#### Your instructions
Print what the records say exactly, and omit the pictures.

(Records excerpted from a collection)
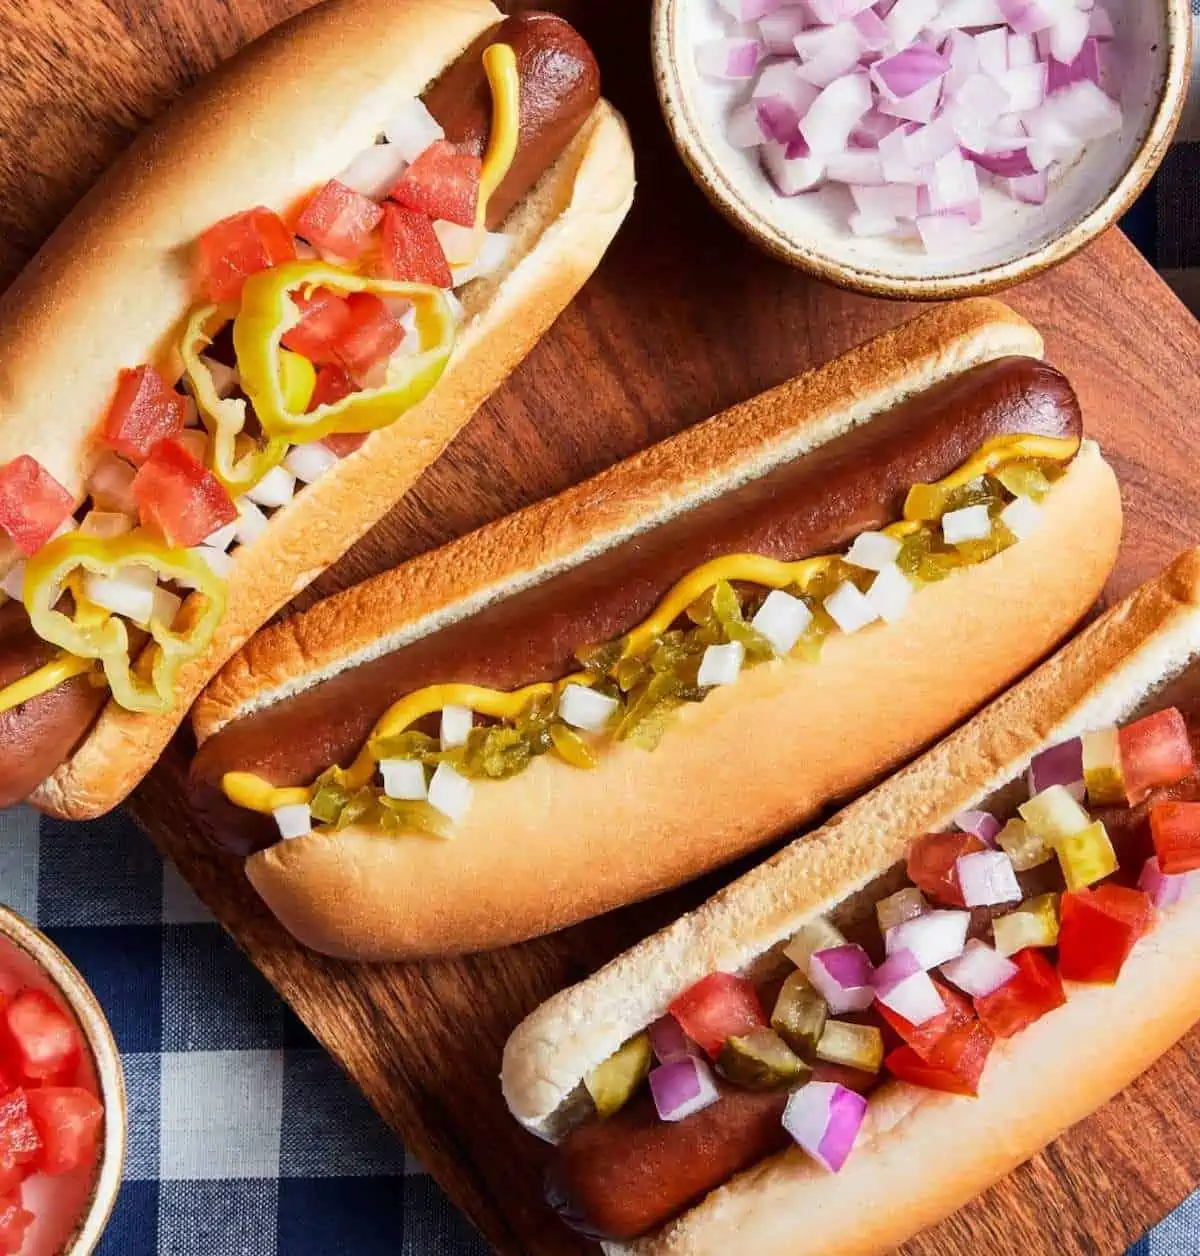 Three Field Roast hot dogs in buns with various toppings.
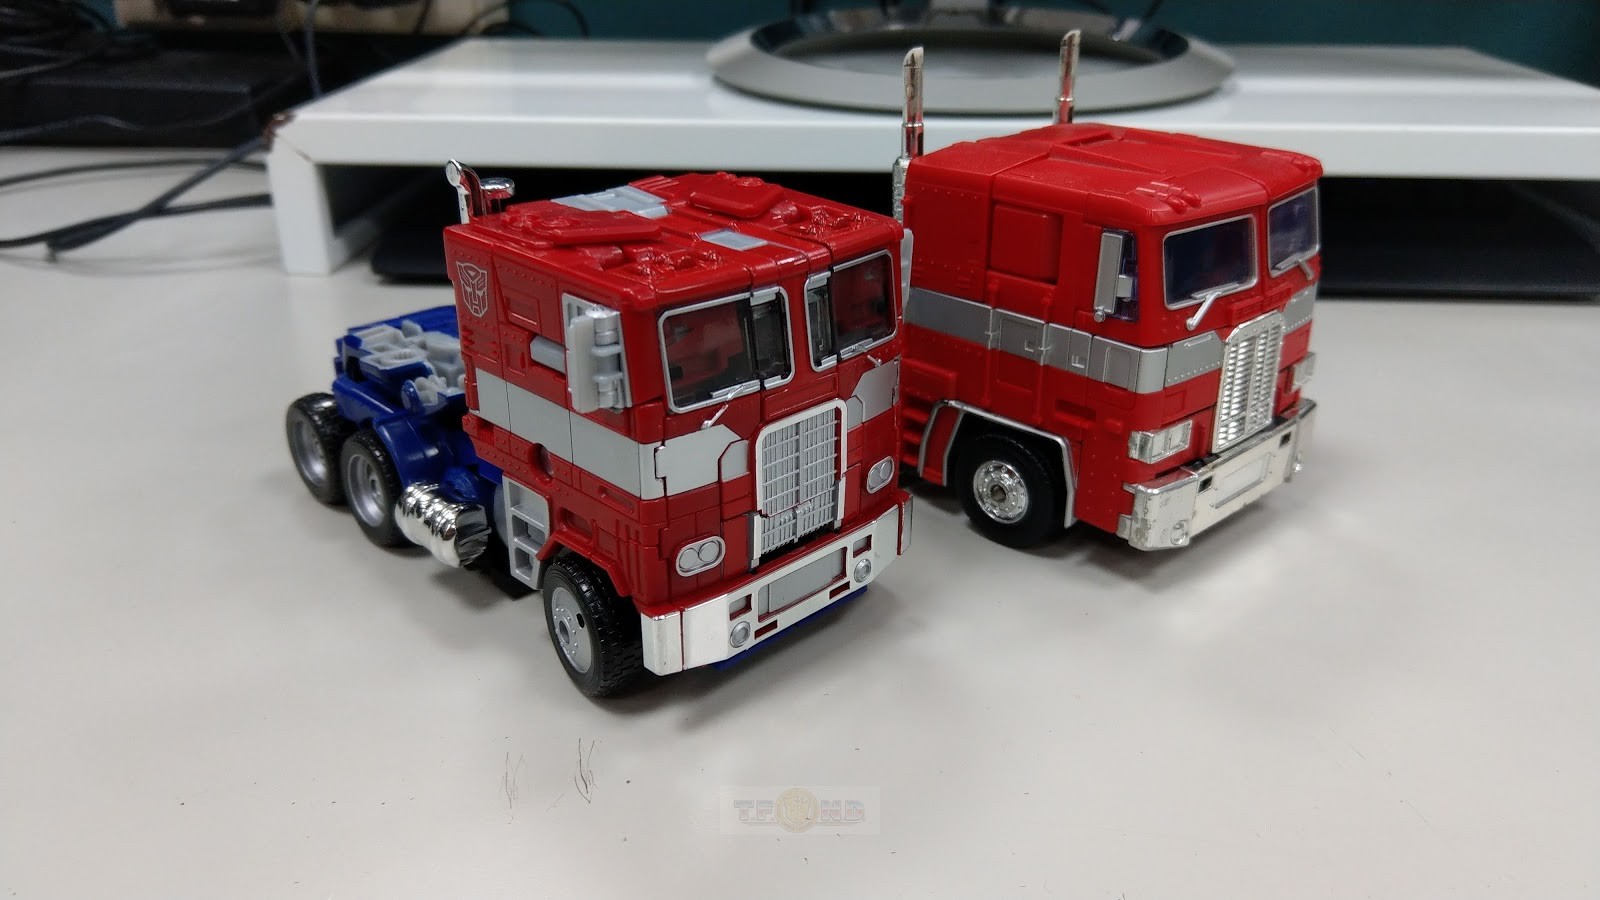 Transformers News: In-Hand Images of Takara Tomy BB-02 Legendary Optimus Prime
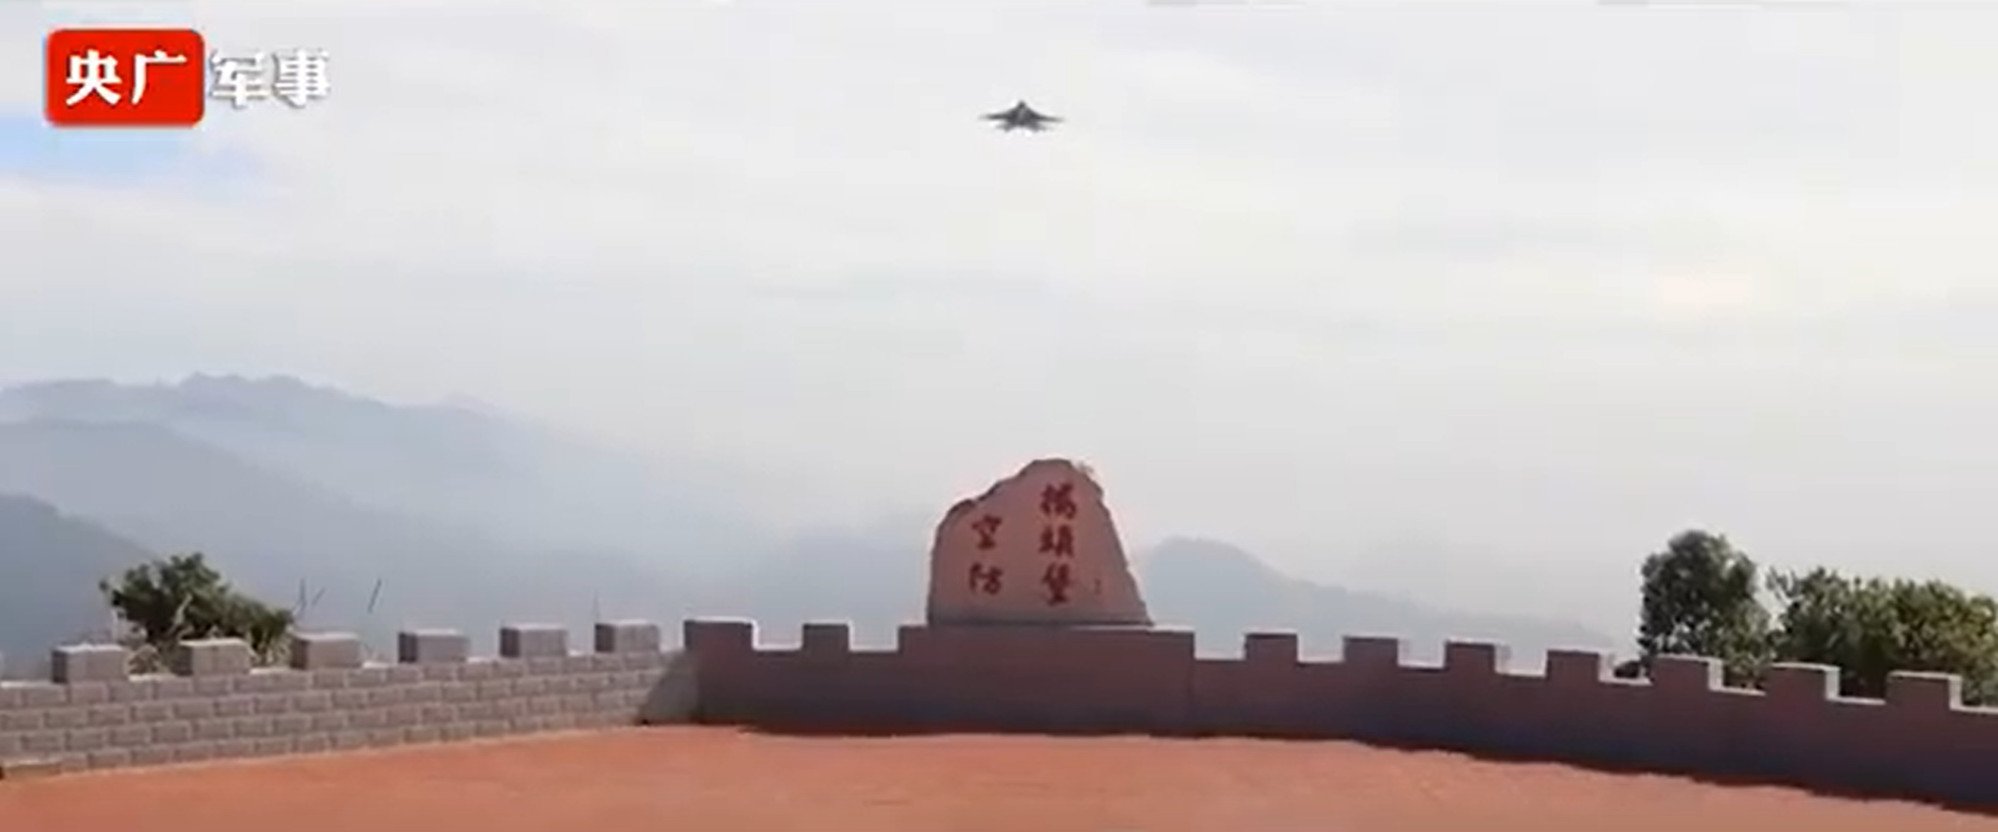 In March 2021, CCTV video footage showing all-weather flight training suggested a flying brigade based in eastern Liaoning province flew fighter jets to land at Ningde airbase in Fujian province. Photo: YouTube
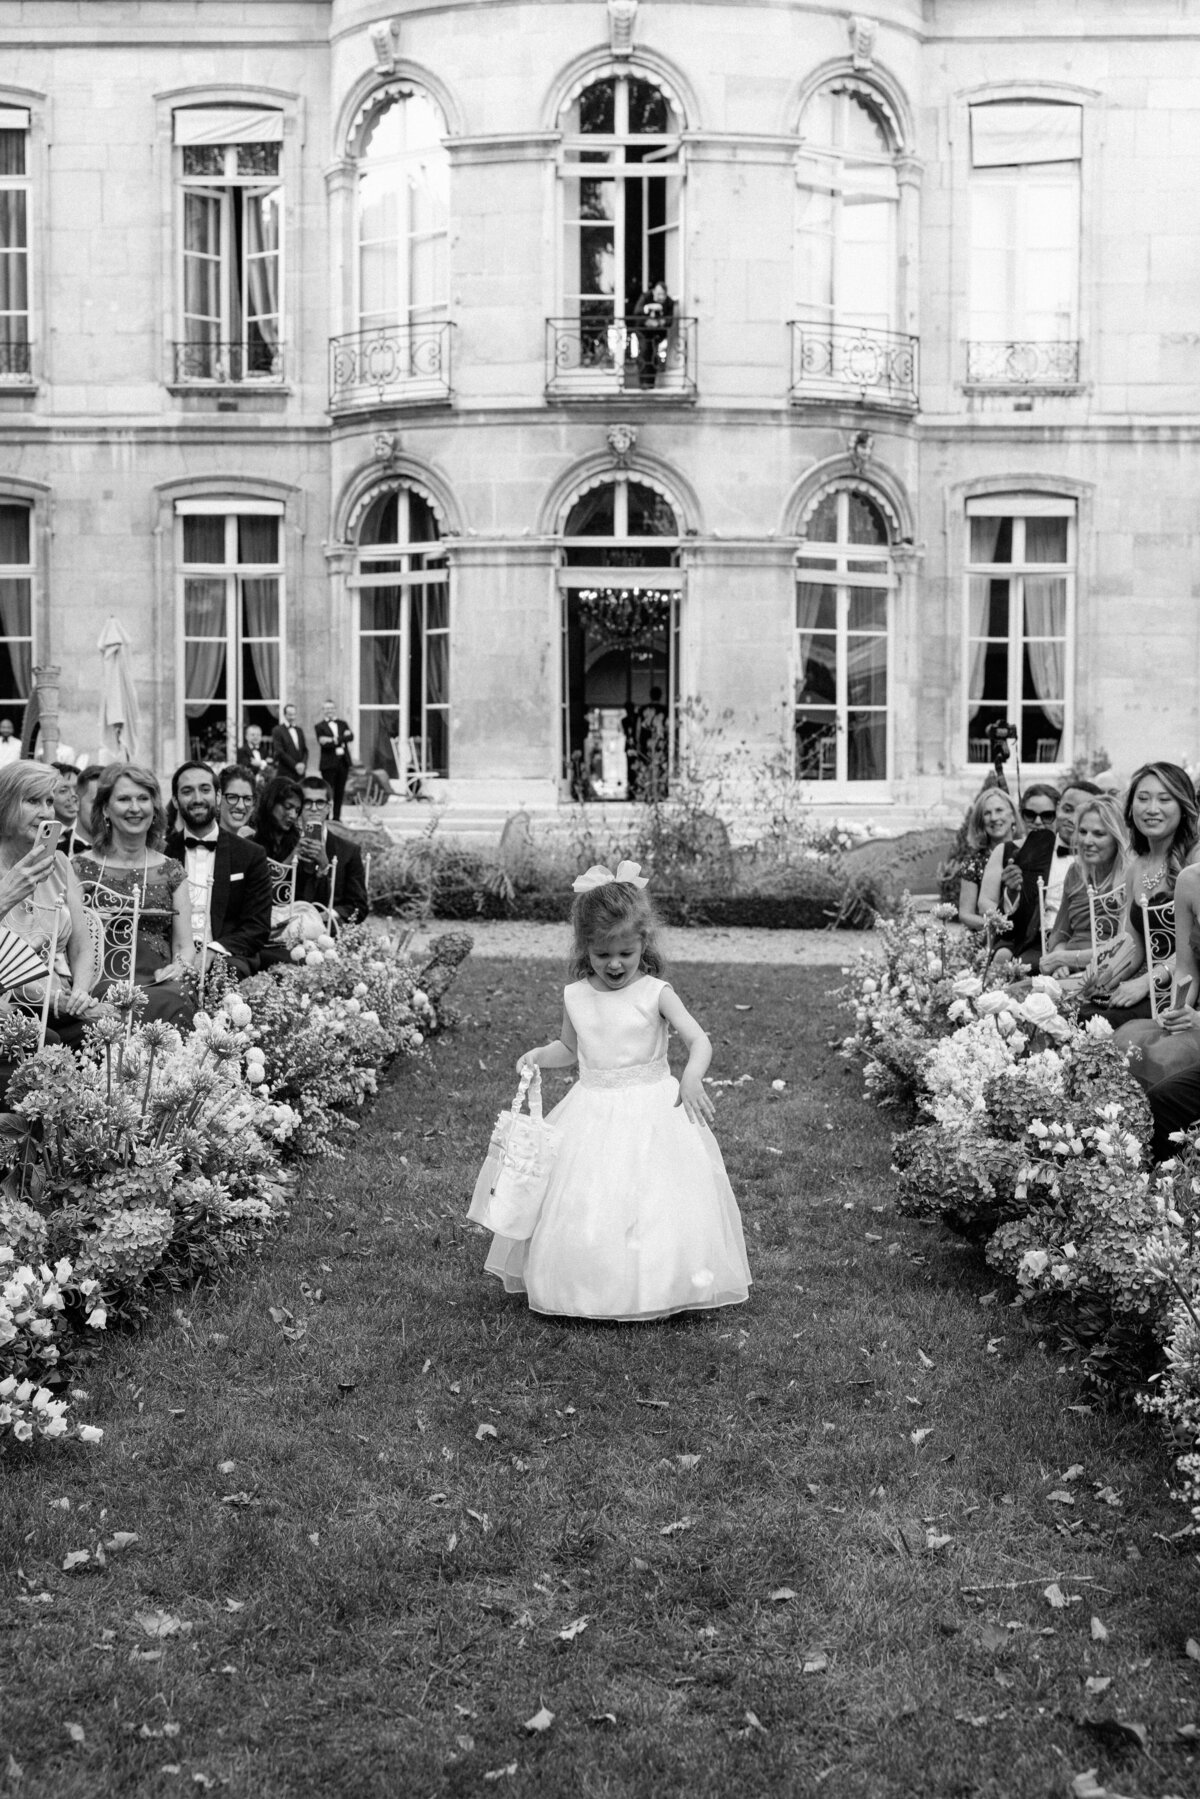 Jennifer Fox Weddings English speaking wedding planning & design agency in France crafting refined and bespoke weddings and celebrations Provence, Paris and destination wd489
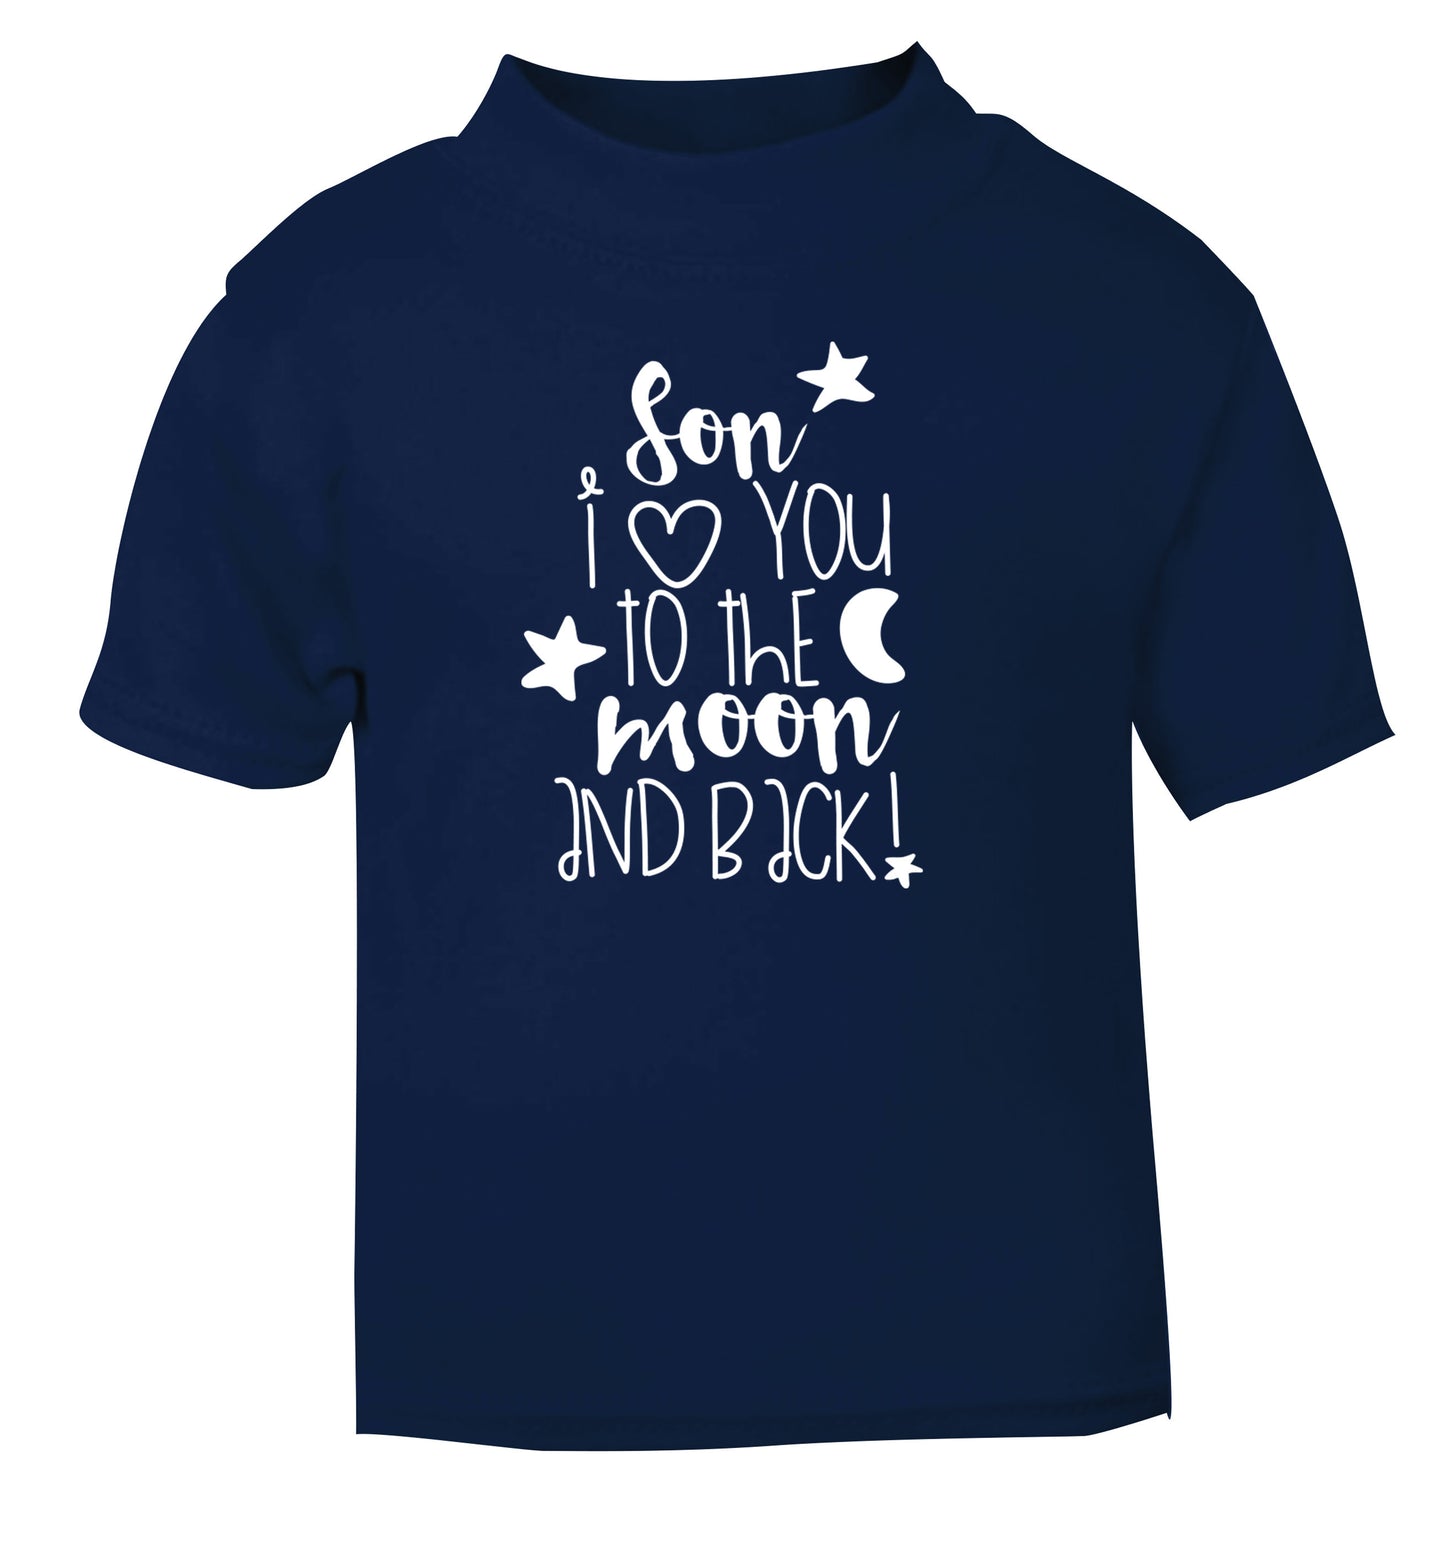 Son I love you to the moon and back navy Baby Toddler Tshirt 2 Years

#### Result
 Three Field Roast hot dogs in buns with various toppings.
 Transformers News: In-Hand Images of Takara Tomy BB-02 Legendary Optimus Prime
 In March 2021, CCTV video footage showing all-weather flight training suggested a flying brigade based in eastern Liaoning province flew fighter jets to land at Ningde airbase in Fujian province. Photo: YouTube
 Jennifer Fox Weddings English speaking wedding planning & design agency in France crafting refined and bespoke weddings and celebrations Provence, Paris and destination wd489
 Son I love you to the moon and back navy Baby Toddler Tshirt 2 Years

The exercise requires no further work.